(Entries taken from a collection)
━━━━━━━━━━━━━━━━━━━━
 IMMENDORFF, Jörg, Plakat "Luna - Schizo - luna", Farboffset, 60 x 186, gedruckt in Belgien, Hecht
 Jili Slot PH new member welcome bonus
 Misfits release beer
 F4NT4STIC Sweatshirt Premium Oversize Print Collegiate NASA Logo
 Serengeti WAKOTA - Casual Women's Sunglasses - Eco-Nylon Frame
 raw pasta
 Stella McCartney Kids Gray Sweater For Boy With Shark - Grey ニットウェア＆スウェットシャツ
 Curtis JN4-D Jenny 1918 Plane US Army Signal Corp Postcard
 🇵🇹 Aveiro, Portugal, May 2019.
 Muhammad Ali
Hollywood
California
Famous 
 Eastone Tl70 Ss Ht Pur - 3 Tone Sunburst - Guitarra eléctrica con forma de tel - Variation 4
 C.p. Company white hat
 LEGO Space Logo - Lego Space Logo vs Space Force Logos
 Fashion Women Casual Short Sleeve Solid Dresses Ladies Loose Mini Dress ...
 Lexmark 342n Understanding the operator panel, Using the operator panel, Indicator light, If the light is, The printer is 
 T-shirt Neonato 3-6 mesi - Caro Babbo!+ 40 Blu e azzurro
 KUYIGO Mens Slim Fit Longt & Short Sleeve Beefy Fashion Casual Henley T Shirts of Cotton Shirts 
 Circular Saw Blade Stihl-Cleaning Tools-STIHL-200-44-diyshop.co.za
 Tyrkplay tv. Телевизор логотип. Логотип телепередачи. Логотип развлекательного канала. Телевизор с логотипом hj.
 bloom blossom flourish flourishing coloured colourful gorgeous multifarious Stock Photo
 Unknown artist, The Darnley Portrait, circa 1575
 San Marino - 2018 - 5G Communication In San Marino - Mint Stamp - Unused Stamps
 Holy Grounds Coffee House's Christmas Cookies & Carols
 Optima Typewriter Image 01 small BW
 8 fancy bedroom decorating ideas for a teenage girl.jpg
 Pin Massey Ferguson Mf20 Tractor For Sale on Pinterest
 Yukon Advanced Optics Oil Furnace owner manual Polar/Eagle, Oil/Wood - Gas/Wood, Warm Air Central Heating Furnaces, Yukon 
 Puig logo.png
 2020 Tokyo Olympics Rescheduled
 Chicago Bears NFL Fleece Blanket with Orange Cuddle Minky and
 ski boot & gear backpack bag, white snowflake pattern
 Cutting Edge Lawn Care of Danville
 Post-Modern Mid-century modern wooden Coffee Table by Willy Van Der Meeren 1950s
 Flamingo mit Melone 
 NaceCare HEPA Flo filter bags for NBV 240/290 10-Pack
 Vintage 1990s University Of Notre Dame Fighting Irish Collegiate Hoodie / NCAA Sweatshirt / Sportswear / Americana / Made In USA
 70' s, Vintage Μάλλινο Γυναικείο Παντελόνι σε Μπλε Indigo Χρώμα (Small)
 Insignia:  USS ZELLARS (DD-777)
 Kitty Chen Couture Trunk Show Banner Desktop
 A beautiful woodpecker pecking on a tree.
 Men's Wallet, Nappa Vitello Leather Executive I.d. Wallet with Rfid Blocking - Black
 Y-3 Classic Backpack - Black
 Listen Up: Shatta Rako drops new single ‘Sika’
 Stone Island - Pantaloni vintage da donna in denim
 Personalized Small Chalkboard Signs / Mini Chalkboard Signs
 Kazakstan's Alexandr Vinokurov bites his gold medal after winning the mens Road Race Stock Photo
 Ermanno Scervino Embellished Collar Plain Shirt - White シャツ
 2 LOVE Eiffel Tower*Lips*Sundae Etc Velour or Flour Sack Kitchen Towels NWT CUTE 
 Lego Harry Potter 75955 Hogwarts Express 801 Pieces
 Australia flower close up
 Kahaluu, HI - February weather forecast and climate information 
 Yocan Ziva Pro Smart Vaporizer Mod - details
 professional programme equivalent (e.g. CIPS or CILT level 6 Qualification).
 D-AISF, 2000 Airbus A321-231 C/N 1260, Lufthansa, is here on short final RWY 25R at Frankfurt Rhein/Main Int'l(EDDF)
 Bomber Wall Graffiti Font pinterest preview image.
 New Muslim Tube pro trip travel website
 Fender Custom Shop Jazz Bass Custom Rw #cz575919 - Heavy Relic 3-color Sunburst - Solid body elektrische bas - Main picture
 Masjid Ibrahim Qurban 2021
━━━━━━━━━━━━━━━━━━━━
### [WHAT IS BEING ASKED]
From the very first line of the records down to the line with "Vintage 1990s University", please write out each line exactly, including both ends and no other lines.

### [EXPECTED ANSWER]
 IMMENDORFF, Jörg, Plakat "Luna - Schizo - luna", Farboffset, 60 x 186, gedruckt in Belgien, Hecht
 Jili Slot PH new member welcome bonus
 Misfits release beer
 F4NT4STIC Sweatshirt Premium Oversize Print Collegiate NASA Logo
 Serengeti WAKOTA - Casual Women's Sunglasses - Eco-Nylon Frame
 raw pasta
 Stella McCartney Kids Gray Sweater For Boy With Shark - Grey ニットウェア＆スウェットシャツ
 Curtis JN4-D Jenny 1918 Plane US Army Signal Corp Postcard
 🇵🇹 Aveiro, Portugal, May 2019.
 Muhammad Ali
Hollywood
California
Famous 
 Eastone Tl70 Ss Ht Pur - 3 Tone Sunburst - Guitarra eléctrica con forma de tel - Variation 4
 C.p. Company white hat
 LEGO Space Logo - Lego Space Logo vs Space Force Logos
 Fashion Women Casual Short Sleeve Solid Dresses Ladies Loose Mini Dress ...
 Lexmark 342n Understanding the operator panel, Using the operator panel, Indicator light, If the light is, The printer is 
 T-shirt Neonato 3-6 mesi - Caro Babbo!+ 40 Blu e azzurro
 KUYIGO Mens Slim Fit Longt & Short Sleeve Beefy Fashion Casual Henley T Shirts of Cotton Shirts 
 Circular Saw Blade Stihl-Cleaning Tools-STIHL-200-44-diyshop.co.za
 Tyrkplay tv. Телевизор логотип. Логотип телепередачи. Логотип развлекательного канала. Телевизор с логотипом hj.
 bloom blossom flourish flourishing coloured colourful gorgeous multifarious Stock Photo
 Unknown artist, The Darnley Portrait, circa 1575
 San Marino - 2018 - 5G Communication In San Marino - Mint Stamp - Unused Stamps
 Holy Grounds Coffee House's Christmas Cookies & Carols
 Optima Typewriter Image 01 small BW
 8 fancy bedroom decorating ideas for a teenage girl.jpg
 Pin Massey Ferguson Mf20 Tractor For Sale on Pinterest
 Yukon Advanced Optics Oil Furnace owner manual Polar/Eagle, Oil/Wood - Gas/Wood, Warm Air Central Heating Furnaces, Yukon 
 Puig logo.png
 2020 Tokyo Olympics Rescheduled
 Chicago Bears NFL Fleece Blanket with Orange Cuddle Minky and
 ski boot & gear backpack bag, white snowflake pattern
 Cutting Edge Lawn Care of Danville
 Post-Modern Mid-century modern wooden Coffee Table by Willy Van Der Meeren 1950s
 Flamingo mit Melone 
 NaceCare HEPA Flo filter bags for NBV 240/290 10-Pack
 Vintage 1990s University Of Notre Dame Fighting Irish Collegiate Hoodie / NCAA Sweatshirt / Sportswear / Americana / Made In USA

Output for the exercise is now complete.